Multiband, Multisensor Robust Features for Noisy Speech Recognition
Dimitrios Dimitriadis, National Technical University of Athens, School of ECE
Petros Maragos, National Technical University of Athens, School of ECE
Stamatios Lefkimmiatis, National Technical University of Athens, School of ECE
This paper presents a novel feature extraction scheme taking advantage of both the nonlinear modulation speech model and the spatial diversity of speech and noise signals in a multisensor environment. Herein, we propose applying robust features to speech signals captured by a multisensor array minimizing a noise energy criterion over multiple frequency bands. We show that we can achieve improved recognition performance by minimizing the Teager-Kaiser energy of the noise-corrupted signals in different frequency bands. These Multiband, Multisensor Cepstral (MBSC) features are inspired by similar ones already been applied to single-microphone noisy Speech Recognition tasks with significantly improved results. The recognition results show that the proposed features can perform better than the widely-used MFCC features.
Noise robust speech recognition for voice driven wheelchair
Akira Sasou, National Institute of Advanced Industrial Science and Technology (AIST)
Hiroaki Kojima, National Institute of Advanced Industrial Science and Technology (AIST)

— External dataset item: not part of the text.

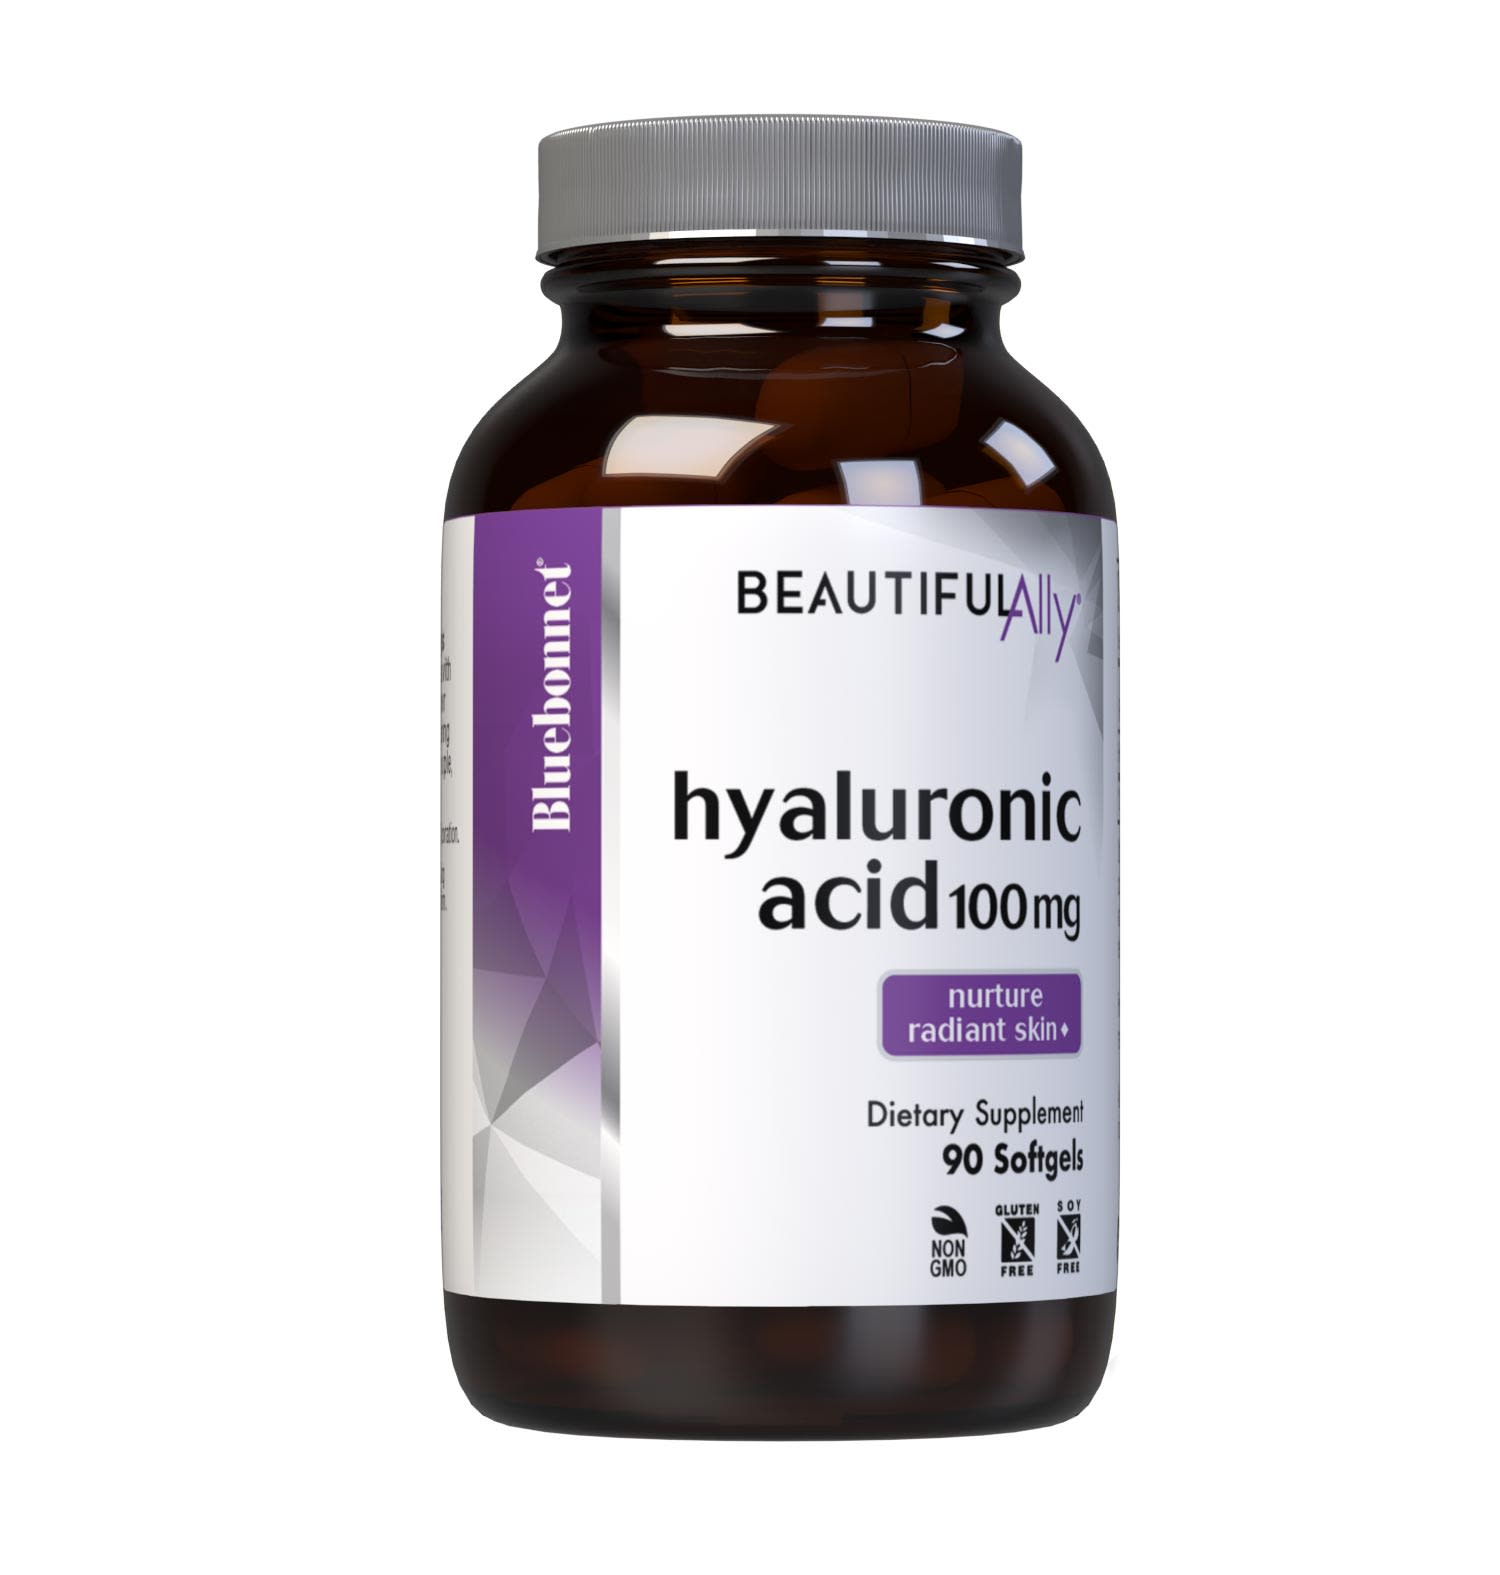 Bluebonnet’s Beautiful Ally Hyaluronic Acid 100 mg 90 Softgels are specially formulated to help increase skin hydration and repair with vegan-sourced hyaluronic acid in a base of non-GMO sunflower oil. Hyaluronic acid serves as a cushion and lubricant with the skin tp help create a more supple, luminescent, youthful appearance. #size_90 count

In this paper, we introduce a noise robust speech recognition system for a voice-driven wheelchair. Our system has adopted a microphone array system in order for the user not to need to wear a microphone. By mounting the microphone array system on the wheelchair, our system can easily distinguish the user’s utterances from other voices without using a speaker identification technique. We have also adopted a feature compensation technique. By combining the microphone array system and the feature compensation technique, our system can be applied to various noise environments. This is because the microphone array system can provide reliable information about voice activity detection to the feature compensation method, and the feature compensation method can compensate for the weak point of the microphone array system, which is that the microphone array system tends to be less effective for omni-directional noises.